Butler et al. [6] reported on an isolated fracture of the anterolateral facet of the coronoid process of proximal ulna, but, owing to the absence of clinical instability or locked motion on examining the elbow, presence of the antero-medial part of the coronoid process, and absence of damage to the collateral ligaments of the elbow, they decided to treat the patient nonoperatively. The patient was satisfied with the range of motion and function in the elbow, with no further complications reported. According to Butler et al [6], the injury in their case was stable owing to two factors: The integrity of the anteromedial facet of the coronoid process and the presence of 60% of the joint articulation.

However, in our case, the elbow joint was subluxated with fair incongruence of the articular surfaces on both plain X-rays and computed tomography scan despite the intact antero-medial facet and the integrity of more than 60% of the coronoid process.

Reduction maneuvers conducted in the emergency room were unsuccessful, so we decided to undergo open reduction and internal fixation, and we were satisfied by the postoperative stability of the elbow joint along an arc of motion of 0-130 degrees.

The difference with Butler’s report relies probably on a different pattern of lesion highlighted on CT scan examination. Three D reconstructions revealed that the fracture involved almost 50% of the radial notch of the proximal ulna (Figure 6).


Figure 6: In our case, the fracture of the antero-lateral facet of the coronoid process involves almost 50% of the radial notch articulating with the radial head.

Barnes et al. [7] conducted cadaver elbow dissections to clarify the anatomy of the annular ligament.
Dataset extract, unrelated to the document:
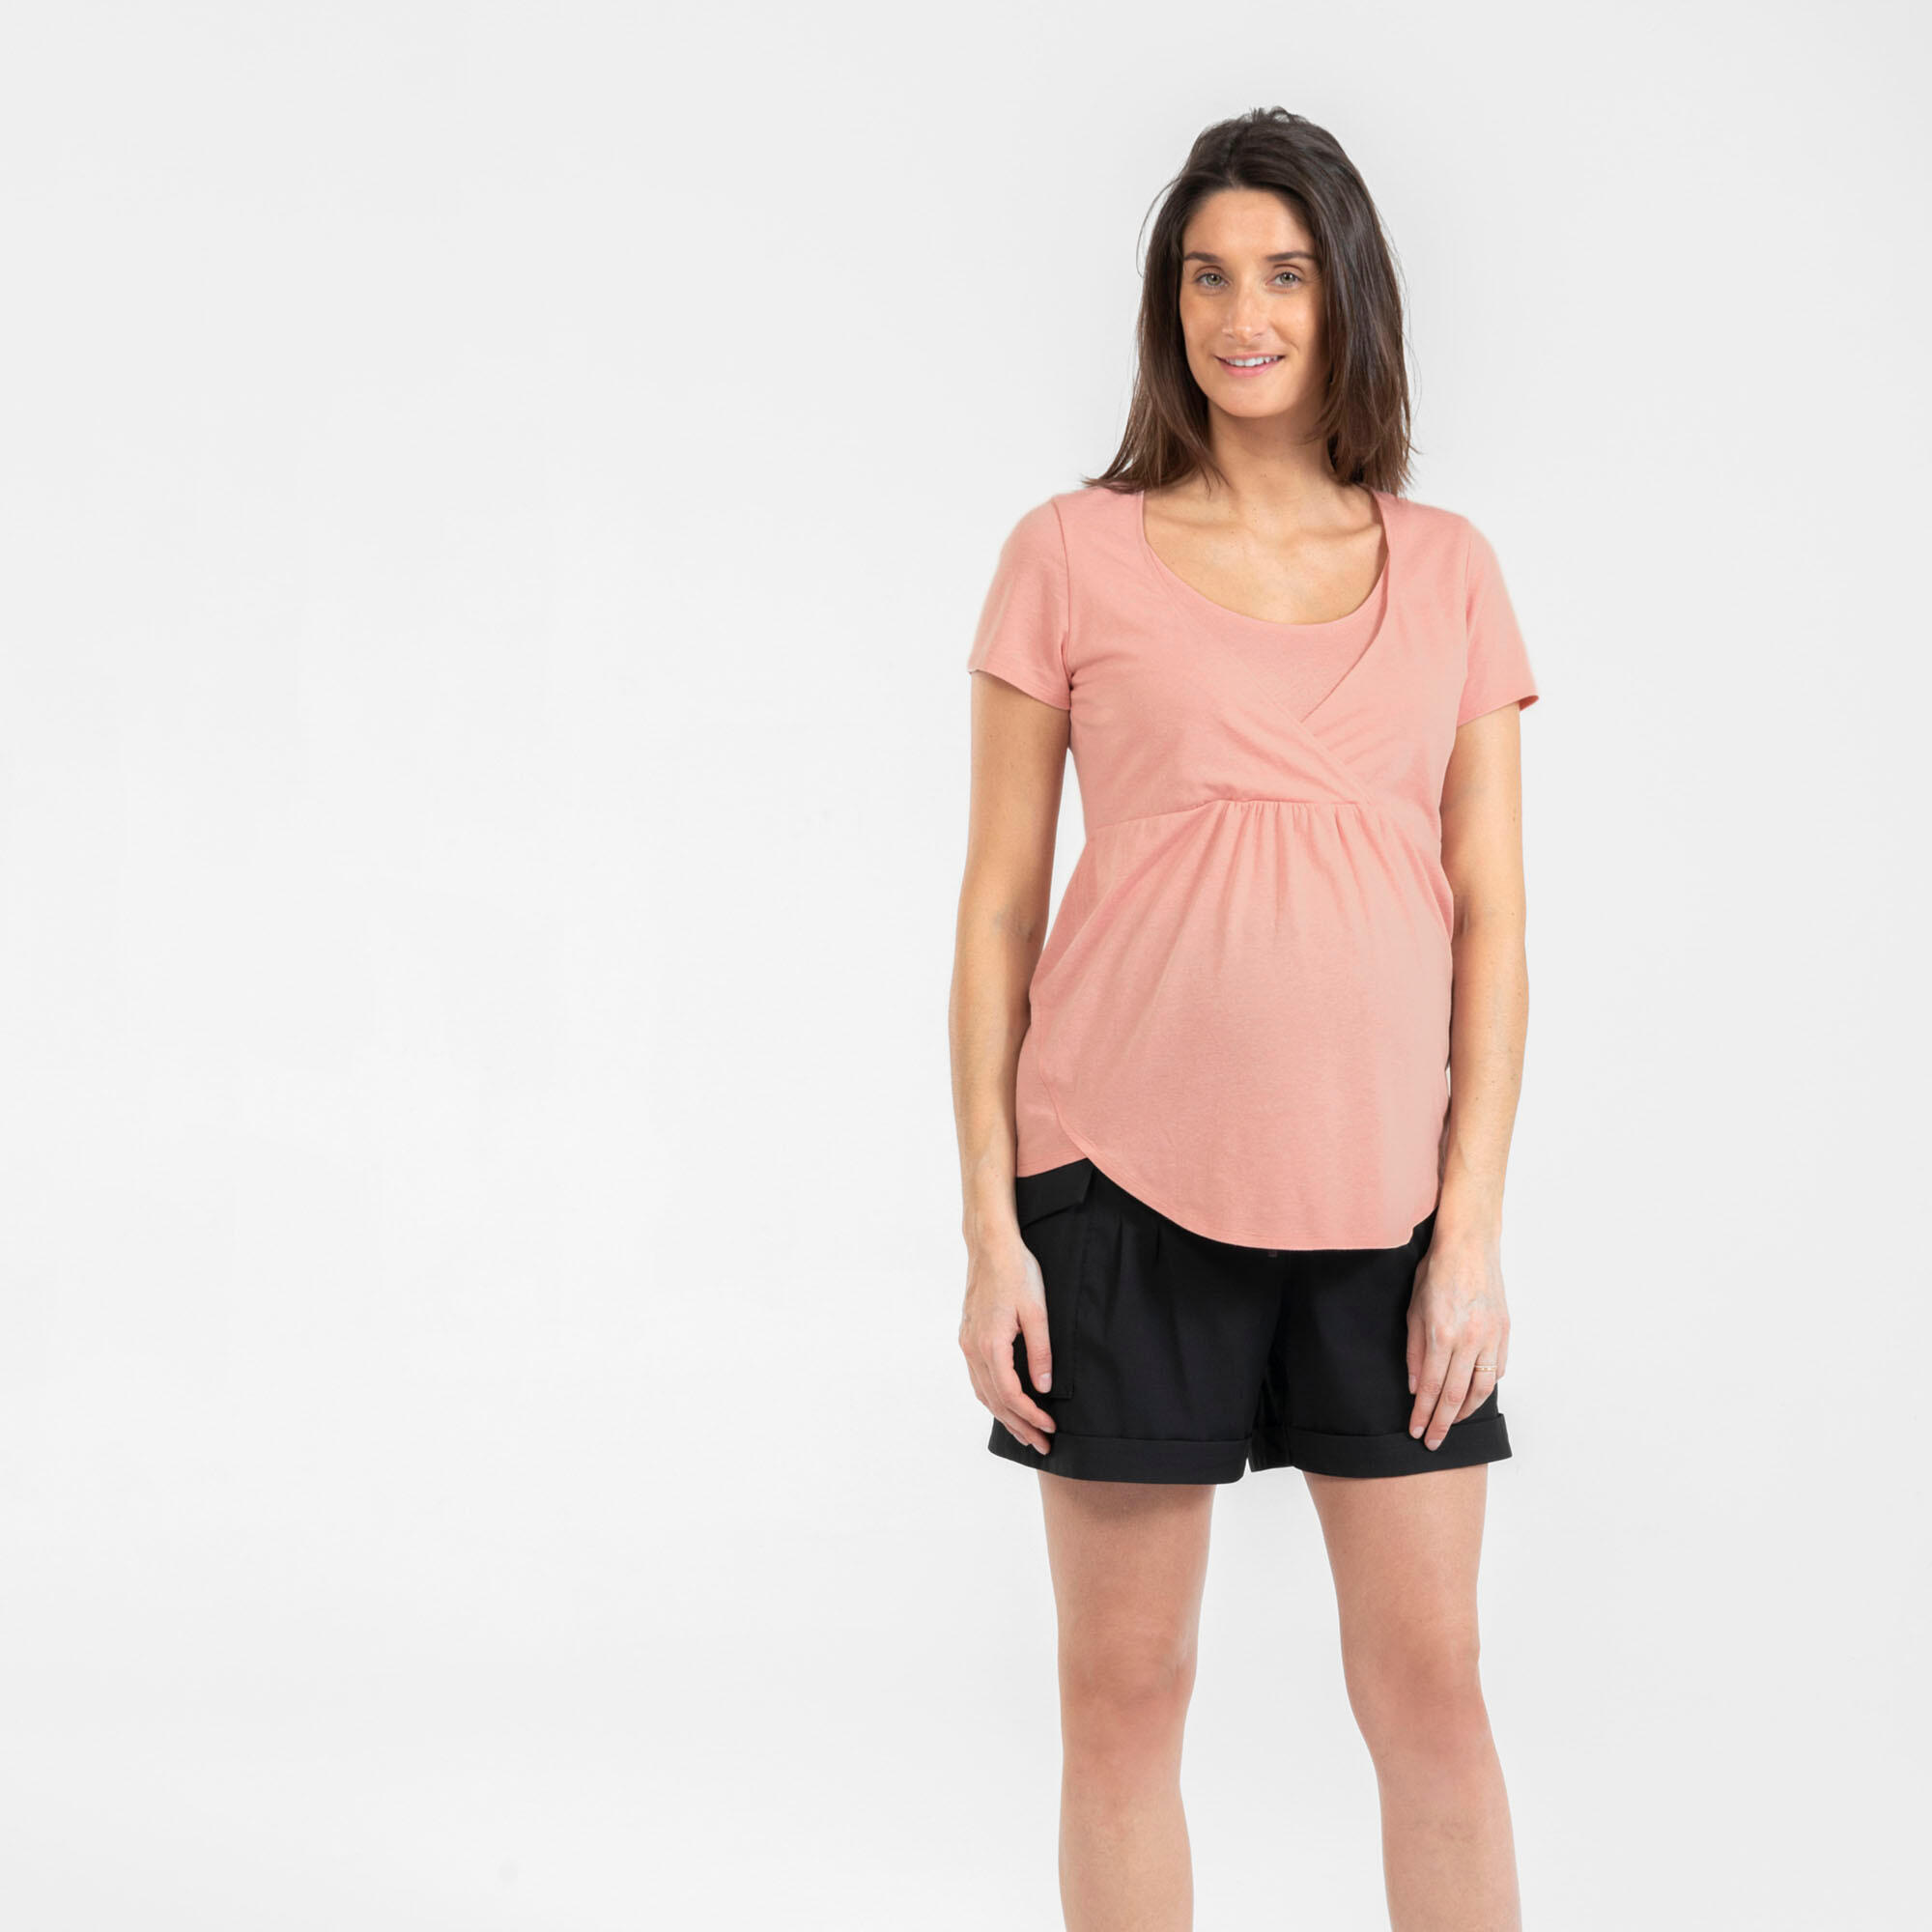 Women’s Maternity Hiking T-shirt Pregnant Women 4/8

They described three layers of the lateral elbow ligaments: the superficial lateral ulnar collateral and lateral radial collateral ligament; a second layer consisting of the annular ligament proper and the Superior Oblique Band (SOB) and Inferior Oblique Band (IOB) of the annular ligament; and the deepest capsular layer.
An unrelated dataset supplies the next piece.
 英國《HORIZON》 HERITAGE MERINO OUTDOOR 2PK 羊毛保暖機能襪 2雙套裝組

Anteriorly, they have observed two layers: The annular ligament and a newly described Anterior Oblique Band (AOB) compose the superficial layer, and the joint capsule forms the deeper layer. The AOB was observed as a separate structure that runs distal to the anterior portion of the annular ligament and attaches distally on the lateral aspect of the coronoid process distal to annular ligament insertion (Figure 7).


Figure 7: An anterior view of the elbow showing the annular ligament and the Anterior Oblique Band (AOB) inserting at the antero-lateral aspect of the coronoid process of proximal ulna [7].

This was a cadaveric and anatomic study and the authors didn’t analyze the role of the different components of the lateral elbow ligaments in elbow stability.

Hackl et al. [8] studied the functional anatomy of the lateral collateral ligament complex of the elbow. They demonstrate that the lateral ulnar collateral ligament coalesces with the annular ligament at the supinator crest and that the lateral collateral ligament complex in its entirety rather than solely the lateral ulnar collateral ligament was found to be of importance in preserving elbow stability.

According to the anatomical and functional studies mentioned above, and the type of instability of the elbow encountered in our case, we would like to describe a new and rare injury pattern: It is the fracture of the antero-lateral facet of the coronoid process that involves the radial notch of the proximal ulna.

This isolated injury is equivalent to an avulsion of the anterior insertion of the annular ligament and its Anterior Oblique Band (AOB) and causes postero-medial subluxation. Divergent dislocation of the elbow could be an extreme consequence [9].

The further anatomical and biomechanical study would clarify this concept and estimate the value of adding this injury to O’Driscoll classification.